My child has been such a joy for at least three hours this month. He must be ready for a family vacation!

I save vacation days, credit card points and actual money that I definitely won’t need for something else.

My partner is wrong: our child’s developmentally beyond spinning around like a drunk ninja in the airport security line.

Anger

On the plane, he spills his “spill-proof” water bottle on my off-brand travel pants. I clean the mess with wipes, but now my crotch is both wet and soapy. I try not to claw my pants, which is easy, since I barely have room move my arms.

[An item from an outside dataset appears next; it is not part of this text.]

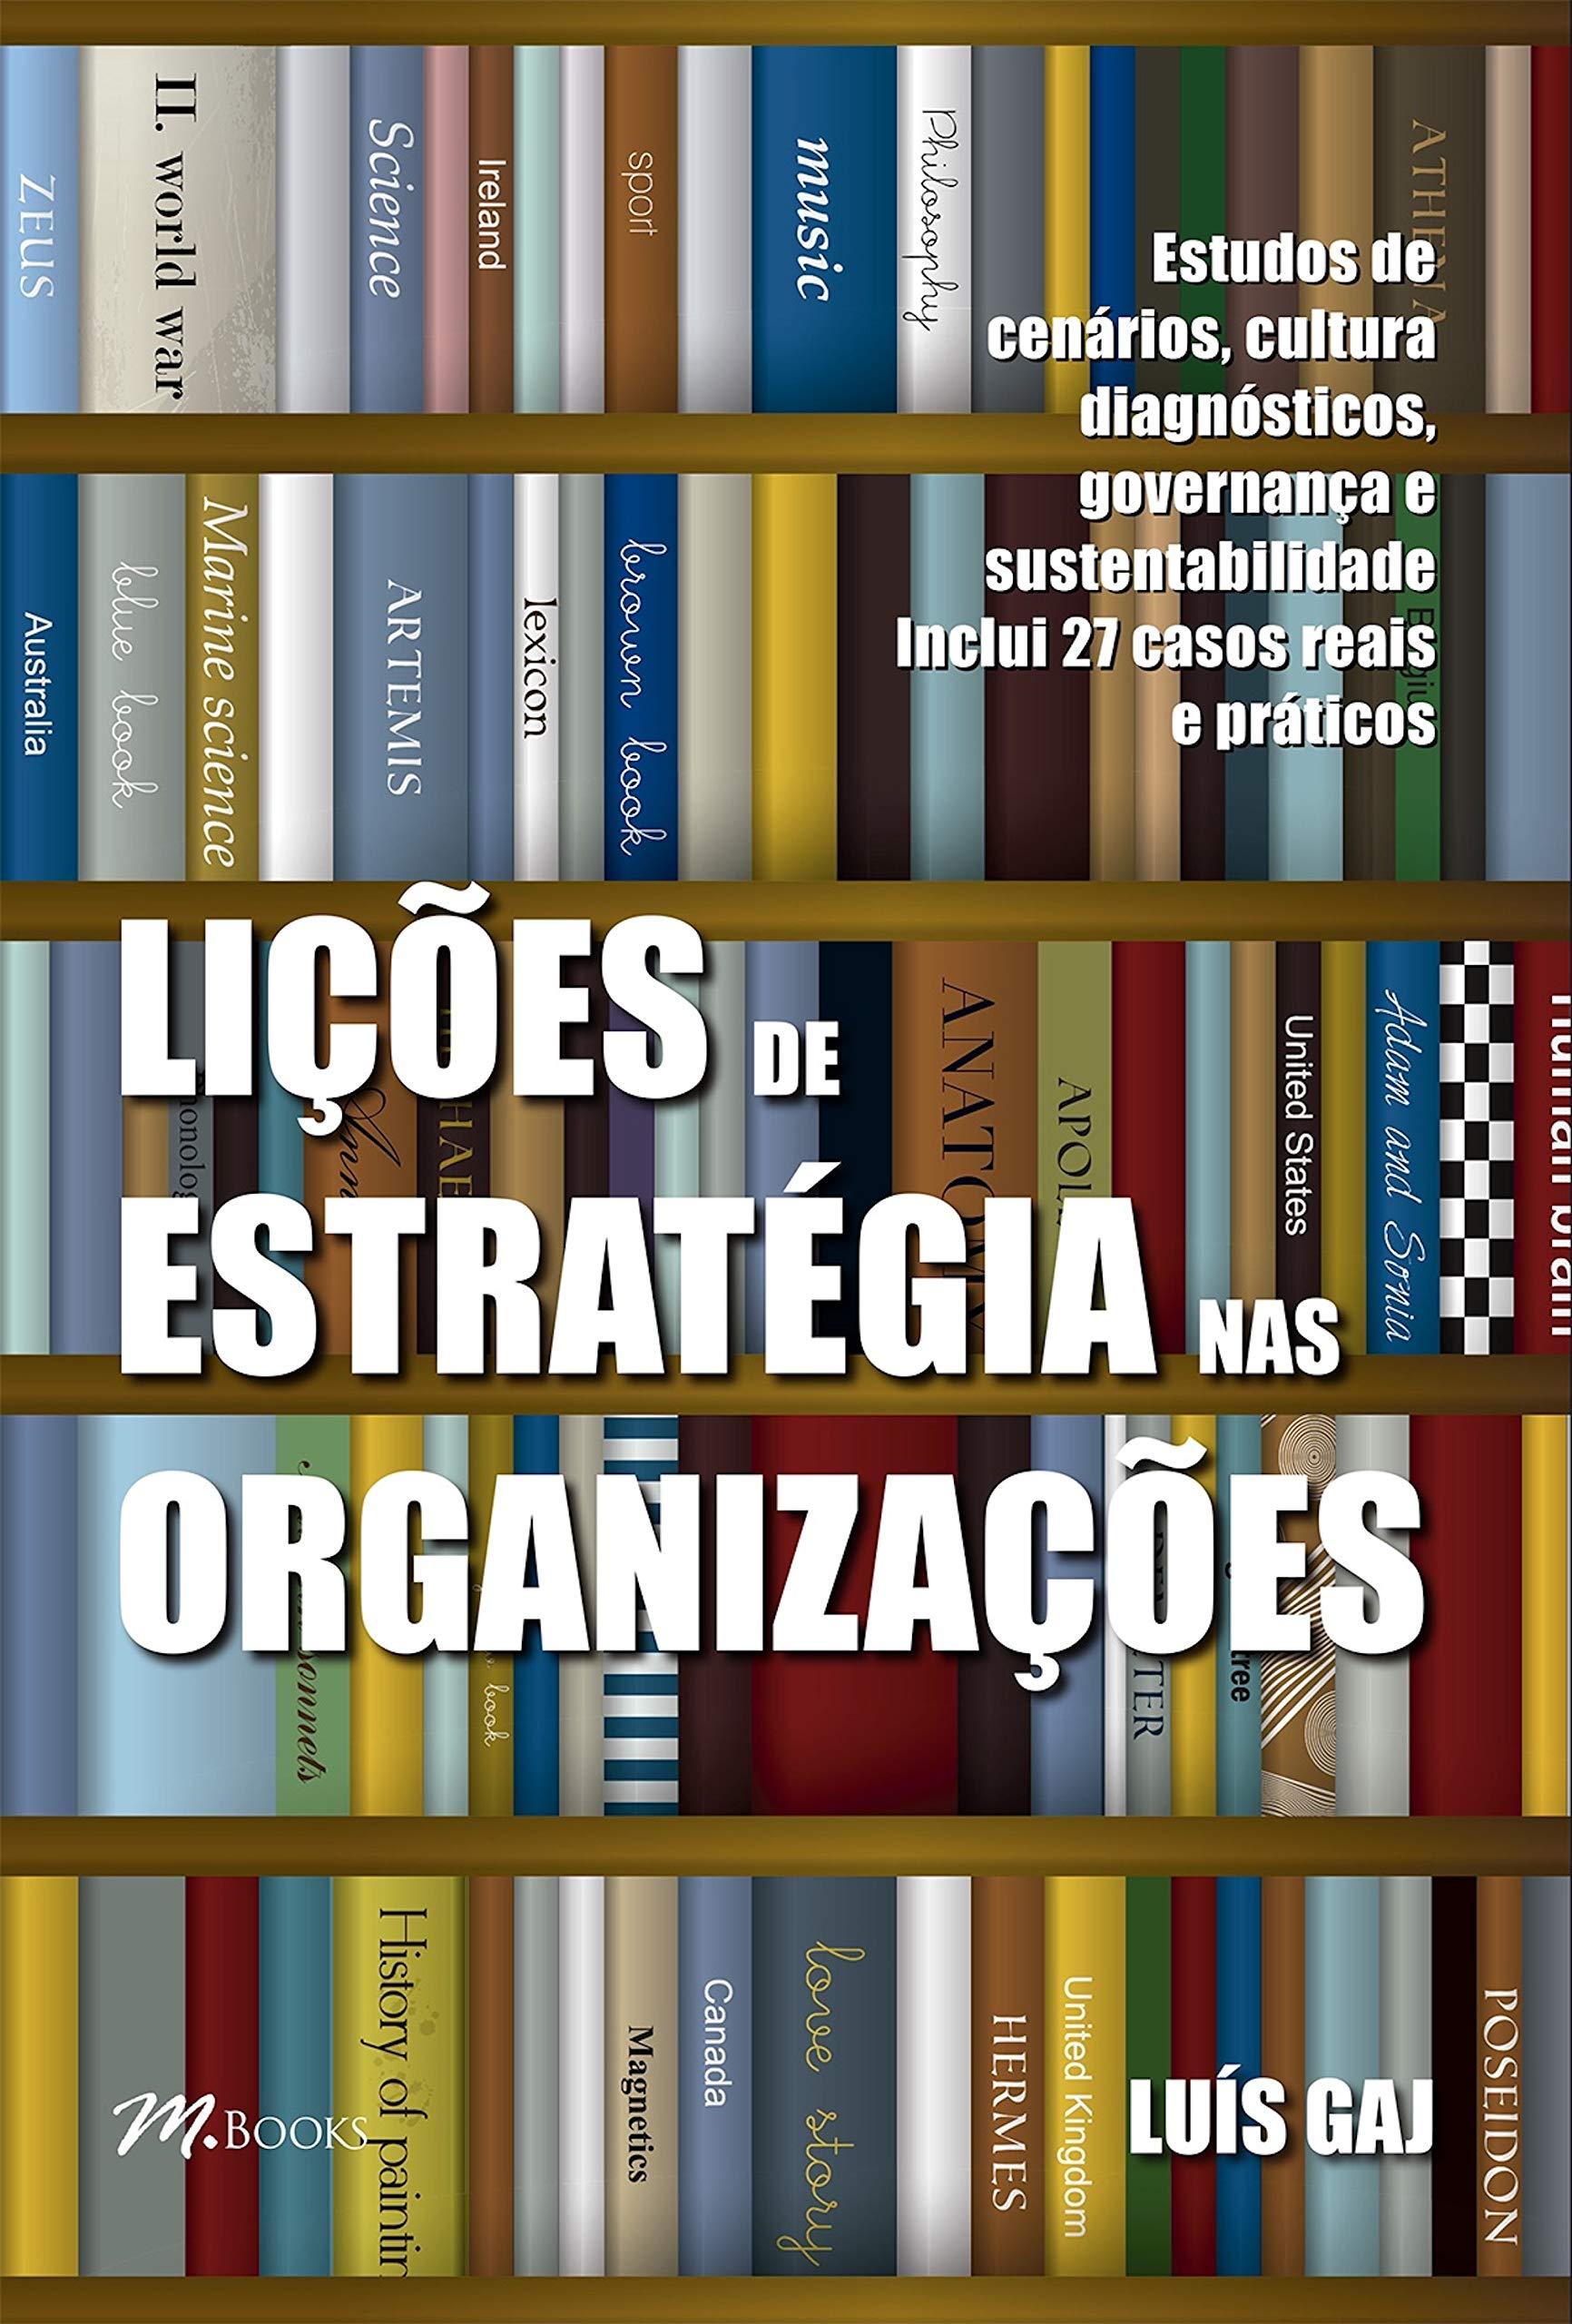 Lições de estratégia nas organizações: Estudos de cenários, cultura, diagnósticos, governança e sustentabilidade - inclui 27 casos reais e práticos (Portuguese Edition)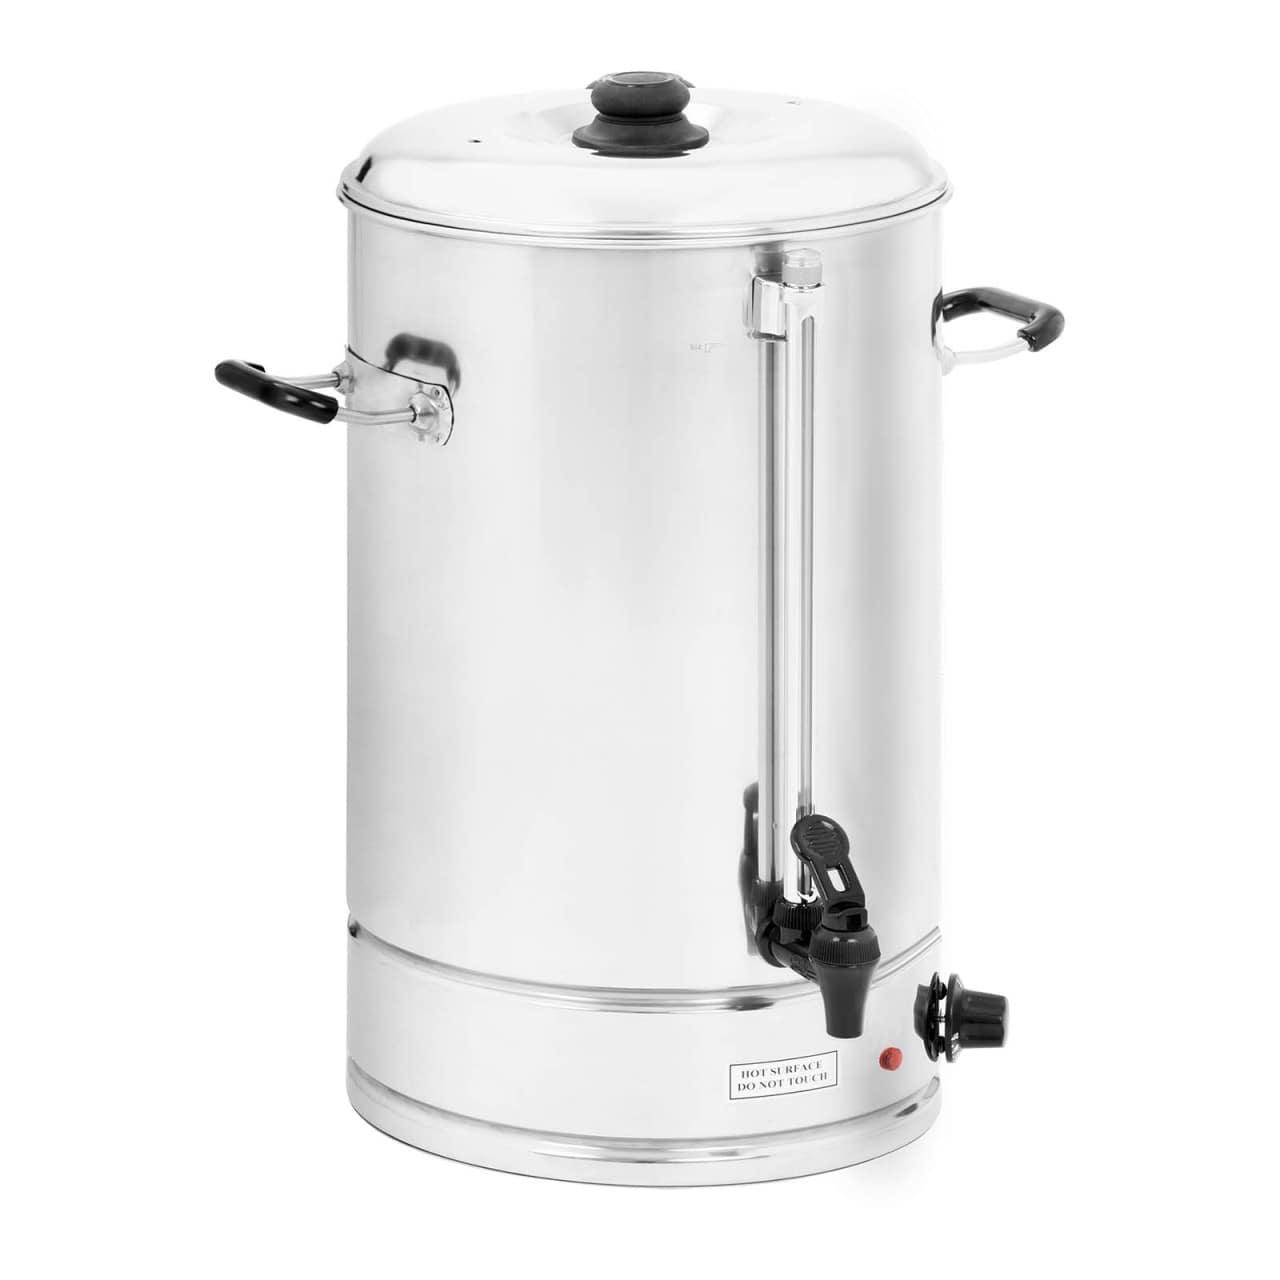 wasserkocher 40 liter

I stare at the bald head in front of me; my partner and child take the armrests. I take deep breaths that come out quickly like I learned in birthing class.

I try to reach for my purse and bump my head. The bald man turns to glare at me. At least I don’t give him the finger. Or rather, at least he doesn’t see me do it and neither does my kid.

I consider bumping my head again both to piss off the bald guy and to have an excuse — concussions can’t be that bad, right? — to get off this f-ing airplane.

Bargaining

In the middle of the tour in front of a statue of the famous, old, dead white guy on a horse, my child starts to cry. “You’ve never been as thirsty as I am, Mommy. I MIGHT DIE!” How could I have forgotten the water bottle? I wish to any god who will listen for a water bottle to appear in the giant backpack filled mostly with the rocks he’s collected. I would return the rocks to Mother Earth for a plastic water bottle.

I tell him that if he can stop whining, kicking and screaming, I will buy him any toy he wants.

When he asks me to carry his fifty-pound self, I promise a second toy. He offers a compromise, “Three new toys?”

In the end, I’ve promised him all of Amazon. I might not have any money left, but my child is quiet. I trust the saying, “Silence is money.”

Depression

I have a headache and did not pack any medicine for adults. Is it a concussion after all? Will it kill me?

I also did not pack enough underwear for myself. I wash a pair in the sink with shampoo and they are crunchy the next day.

I feel bloated from the fast food we’ve been eating since our kid won’t eat anything else. “Fed is best” is still true for elementary school-aged kids, right?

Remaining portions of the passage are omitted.